The shunting-yard algorithm has been later generalized into operator-precedence parsing.
A simple conversion
- Input: 3+4
- Add 3 to the output queue (whenever a number is read it is added to the output)
- Push + (or its ID) onto the operator stack
- Add 4 to the output queue
- After reading the expression, pop the operators off the stack and add them to the output.
- In this case there is only one, "+".
- Output 3 4 +
This already shows a couple of rules:
- All numbers are added to the output when they are read.
- At the end of reading the expression, pop all operators off the stack and onto the output.
The algorithm in detail
- While there are tokens to be read:
- Read a token.
- If the token is a number, then add it to the output queue.
- If the token is a function token, then push it onto the stack.
- If the token is a function argument separator (e.g., a comma):
- Until the token at the top of the stack is a left parenthesis, pop operators off the stack onto the output queue. If no left parentheses are encountered, either the separator was misplaced or parentheses were mismatched.
- If the token is an operator, o1, then:
- while there is an operator token o2, at the top of the operator stack and either
- o1 is left-associative and its precedence is less than or equal to that of o2, or
- o1 is right associative, and has precedence less than that of o2,
- pop o2 off the operator stack, onto the output queue;
- at the end of iteration push o1 onto the operator stack.
- If the token is a left parenthesis (i.e. "("), then push it onto the stack.
- If the token is a right parenthesis (i.e. ")"):
- Until the token at the top of the stack is a left parenthesis, pop operators off the stack onto the output queue.
- Pop the left parenthesis from the stack, but not onto the output queue.
- If the token at the top of the stack is a function token, pop it onto the output queue.
- If the stack runs out without finding a left parenthesis, then there are mismatched parentheses.
- When there are no more tokens to read:
- While there are still operator tokens in the stack:
- If the operator token on the top of the stack is a parenthesis, then there are mismatched parentheses.
- Pop the operator onto the output queue.
- Exit.
To analyze the running time complexity of this algorithm, one has only to note that each token will be read once, each number, function, or operator will be printed once, and each function, operator, or parenthesis will be pushed onto the stack and popped off the stack once – therefore, there are at most a constant number of operations executed per token, and the running time is thus O(n) – linear in the size of the input.

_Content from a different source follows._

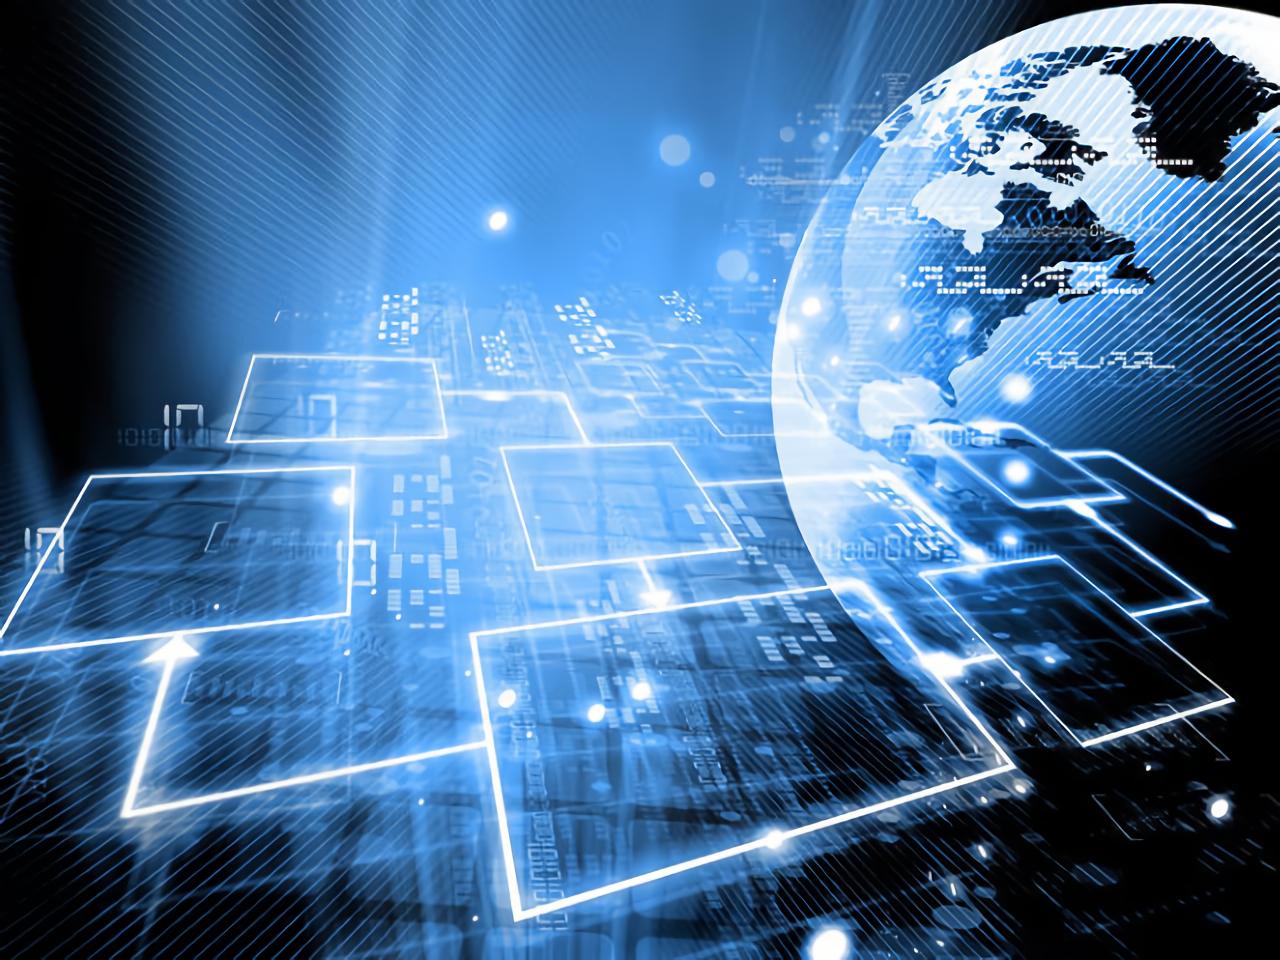 NTTデータ先端技術、「ブロックチェーンアプリ開発サービス」を提供

The shunting yard algorithm can also be applied to produce prefix notation (also known as polish notation). To do this one would simply start from the end of a string of tokens to be parsed and work backwards, reverse the output queue (therefore making the output queue an output stack), and flip the left and right parenthesis behavior (remembering that the now-left parenthesis behavior should pop until it finds a now-right parenthesis).
Detailed example
Input: 3 + 4 * 2 / ( 1 - 5 ) ^ 2 ^ 3
operator | precedence | associativity |
---|---|---|
^ | 4 | Right |
* | 3 | Left |
/ | 3 | Left |
+ | 2 | Left |
− | 2 | Left |
Note: The symbol ^ represents the power operator (Not XOR).

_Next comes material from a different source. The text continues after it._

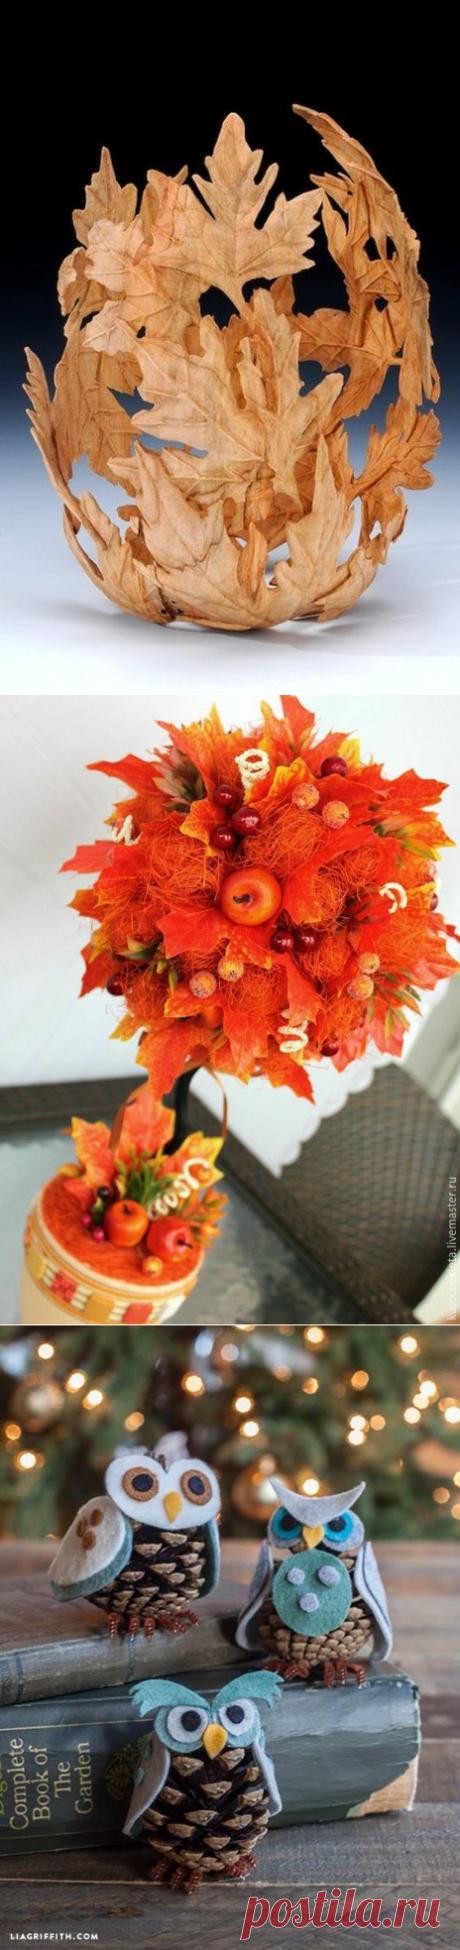 Осенние поделки (100+ идей) из природных материалов и листьев

Token | Action | Output (in RPN) | Operator Stack | Notes |
---|---|---|---|---|
3 | Add token to output | 3 | ||
+ | Push token to stack | 3 | + | |
4 | Add token to output | 3 4 | + | |
* | Push token to stack | 3 4 | * + | * has higher precedence than + |
2 | Add token to output | 3 4 2 | * + | |
/ | Pop stack to output | 3 4 2 * | + | / and * have same precedence |
Push token to stack | 3 4 2 * | / + | / has higher precedence than + | |
( | Push token to stack | 3 4 2 * | ( / + | |
1 | Add token to output | 3 4 2 * 1 | ( / + | |
- | Push token to stack | 3 4 2 * 1 | - ( / + | |
5 | Add token to output | 3 4 2 * 1 5 | - ( / + | |
) | Pop stack to output | 3 4 2 * 1 5 - | ( / + | Repeated until "(" found |
Pop stack | 3 4 2 * 1 5 - | / + | Discard matching parenthesis | |
^ | Push token to stack | 3 4 2 * 1 5 - | ^ / + | ^ has higher precedence than / |
2 | Add token to output | 3 4 2 * 1 5 - 2 | ^ / + | |
^ | Push token to stack | 3 4 2 * 1 5 - 2 | ^ ^ / + | ^ is evaluated right-to-left |
3 | Add token to output | 3 4 2 * 1 5 - 2 3 | ^ ^ / + | |
end | Pop entire stack to output | 3 4 2 * 1 5 - 2 3 ^ ^ / + |
Input: sin ( max ( 2 , 3 ) / 3 * 3.1415 )

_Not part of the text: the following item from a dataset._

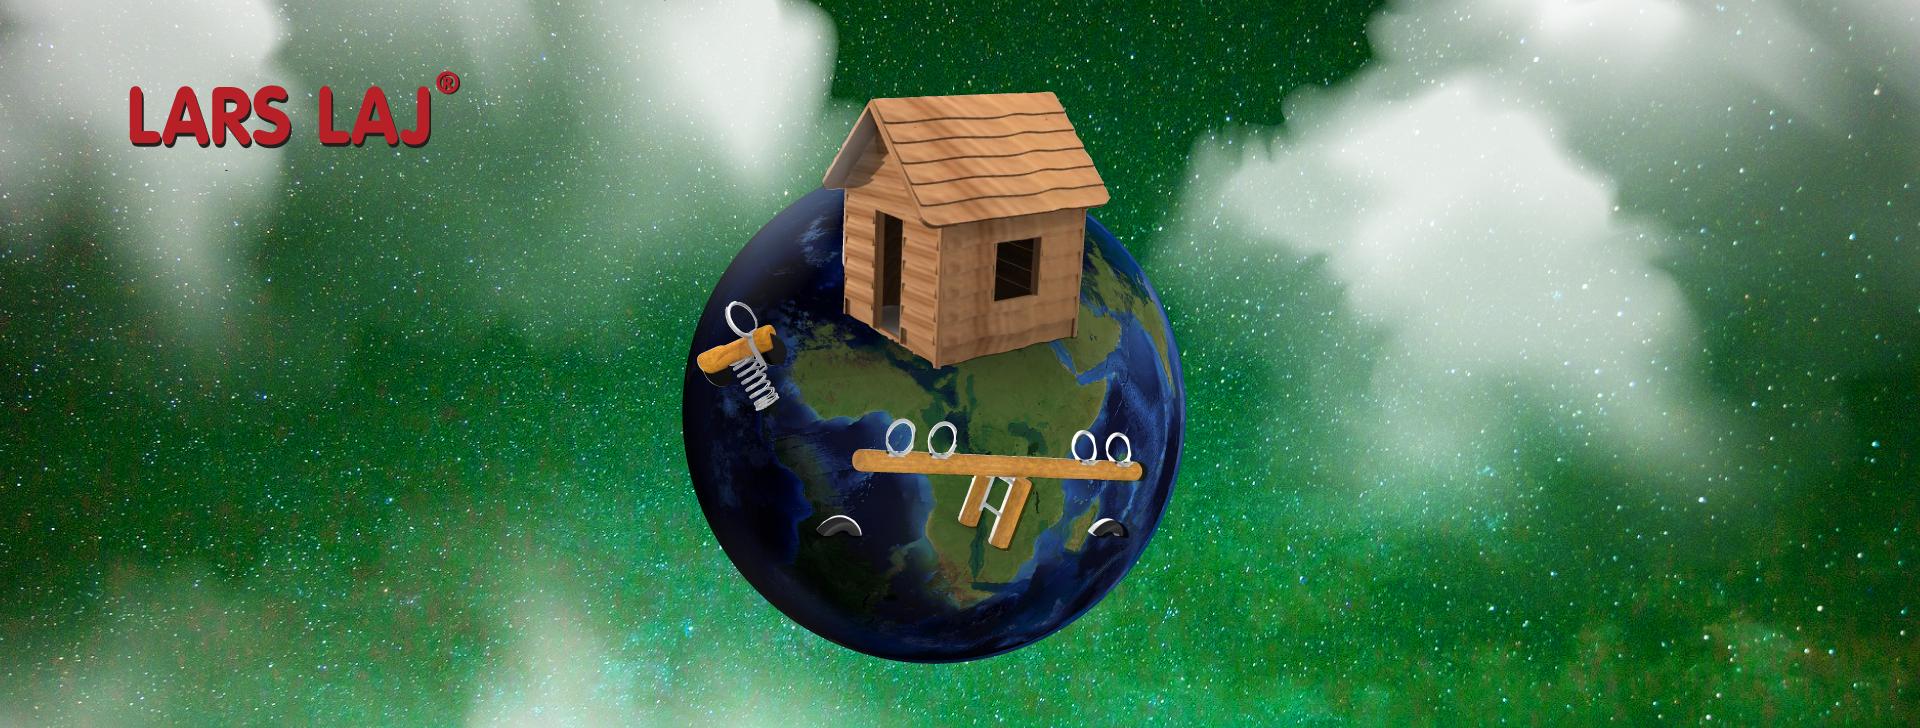 Voimme huolehtia maapallosta joka päivä!

Token | Action | Output (in RPN) | Operator Stack | Notes |
---|---|---|---|---|
sin | Push token to stack | sin | ||
max | Push token to stack | max sin | ||
2 | Add token to output | 2 | max sin | |
3 | Add token to output | 2 3 | max sin | |
/ | Pop token to output | 2 3 max | / sin | |
3 | Add token to output | 2 3 max 3 | / sin | |
* | Pop token to output | 2 3 max 3 / | * sin | |
3.1415 | Add token to output | 2 3 max 3 / 3.1415 | * sin | |
end | Pop entire stack to output | 2 3 max 3 / 3.1415 * sin |
If one was writing a compiler, this output would be tokenized and written to a compiled file to be later interpreted. Conversion from infix to RPN can also allow for easier simplification of expressions. To do this, act like one is solving the RPN expression, however, whenever one comes to a variable its value is null, and whenever an operator has a null value, it and its parameters are written to the output (this is a simplification, problems arise when the parameters are operators). When an operator has no null parameters its value can simply be written to the output. This method obviously doesn't include all the simplifications possible: It's more of a constant folding optimization.
See also
External links
- Dijkstra's original description of the Shunting yard algorithm
- Literate Programs implementation in C
- Implementation in various languages, including C and Python
- Shunting Yard Algorithm and Postfix Evaluation in C#
- Java Applet demonstrating the Shunting yard algorithm
- Silverlight widget demonstrating the Shunting yard algorithm and evaluation of arithmetic expressions
- Parsing Expressions by Recursive Descent Theodore Norvell © 1999–2001. Access date September 14, 2006.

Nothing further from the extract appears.